I want Paul McKenna to cure my fear of flying

July 24, 2009 · Leave a Comment

I like Paul McKenna. He has good taste (I saw him eyeing up my then girlfriend at the Notting Hill Carnival a few years ago.)

Paul McKenna I can change your life  Sky 3 late (2am). Tonight he attempted to cure a woman of her agoraphobia (apparently she’s been alone for only 10 mins total in the last five years). Paul went up to Hull of all places. He must be dedicated. Or they paid him a lot of money. What worked, the NLP or the hypnosis? He does speak very fast and uses a lot of gestures and taps.

NB She had CBT which didn’t work…

Later after he left, the panic came back.
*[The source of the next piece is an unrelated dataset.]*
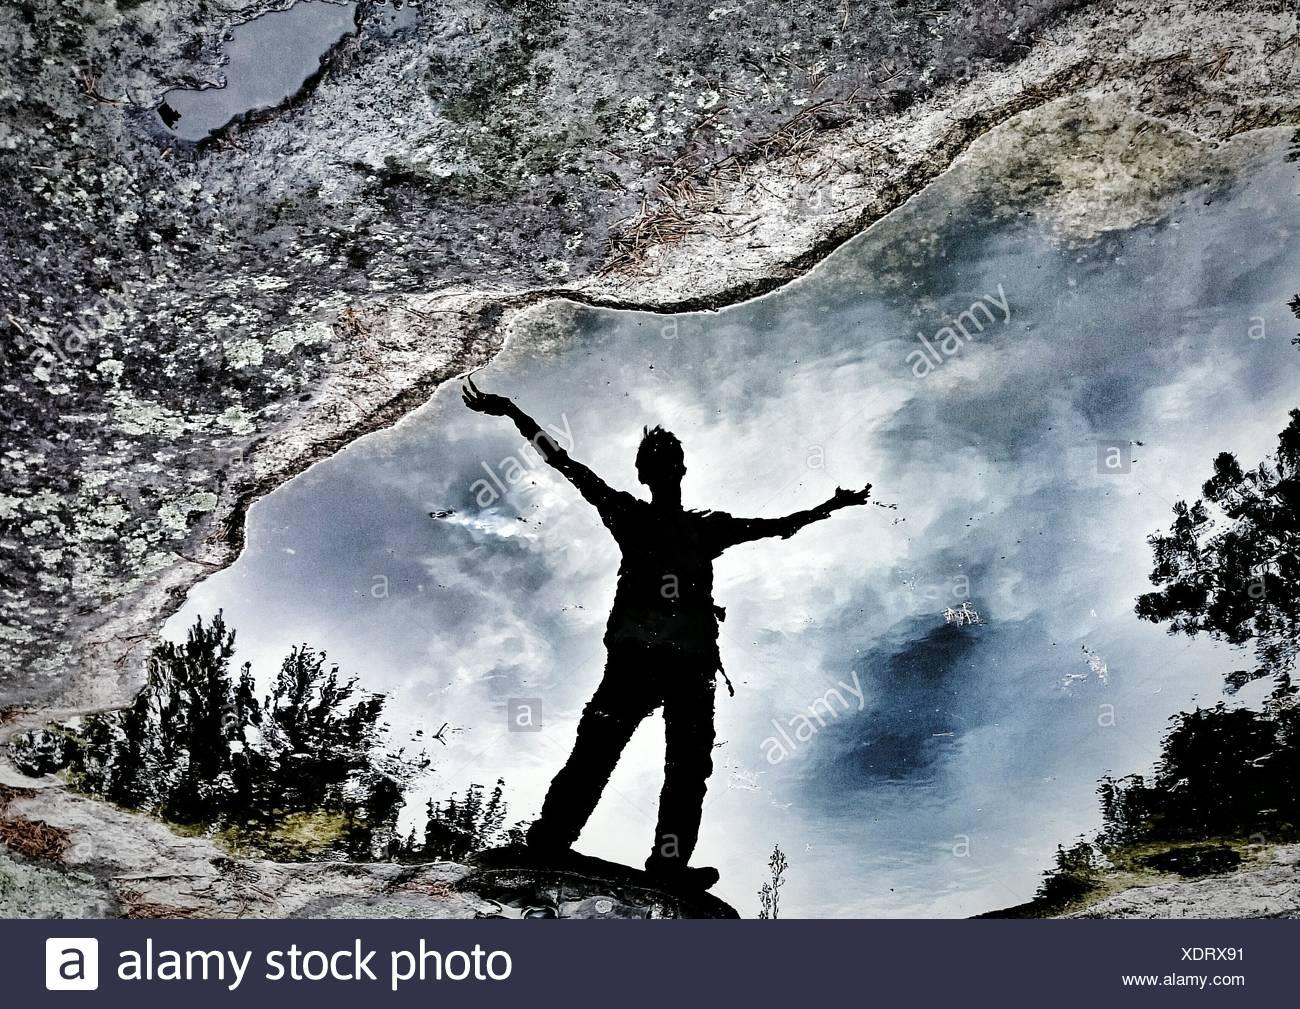 Reflection Of Man On Puddle - Stock Image

How much the original cure was it down to the force of his personality. Interestingly she says ‘Im panicking so I can’t remember all the thing she told me to think about’. She comes down to London for a second session (obviously Paul’s dedication didn’t stretch to another visit to Hull ;) . She ends up cured but still living in Hull so swings and roundabouts really.

Also, he treats a gambler. He explains the Serotonin high due to gambling. He treats this by changing the association for gambling to a negative one. It seems quite simplistic. Reminds one of a weakened version of the treatment in A Clockwork Orange. Rewiring the brain.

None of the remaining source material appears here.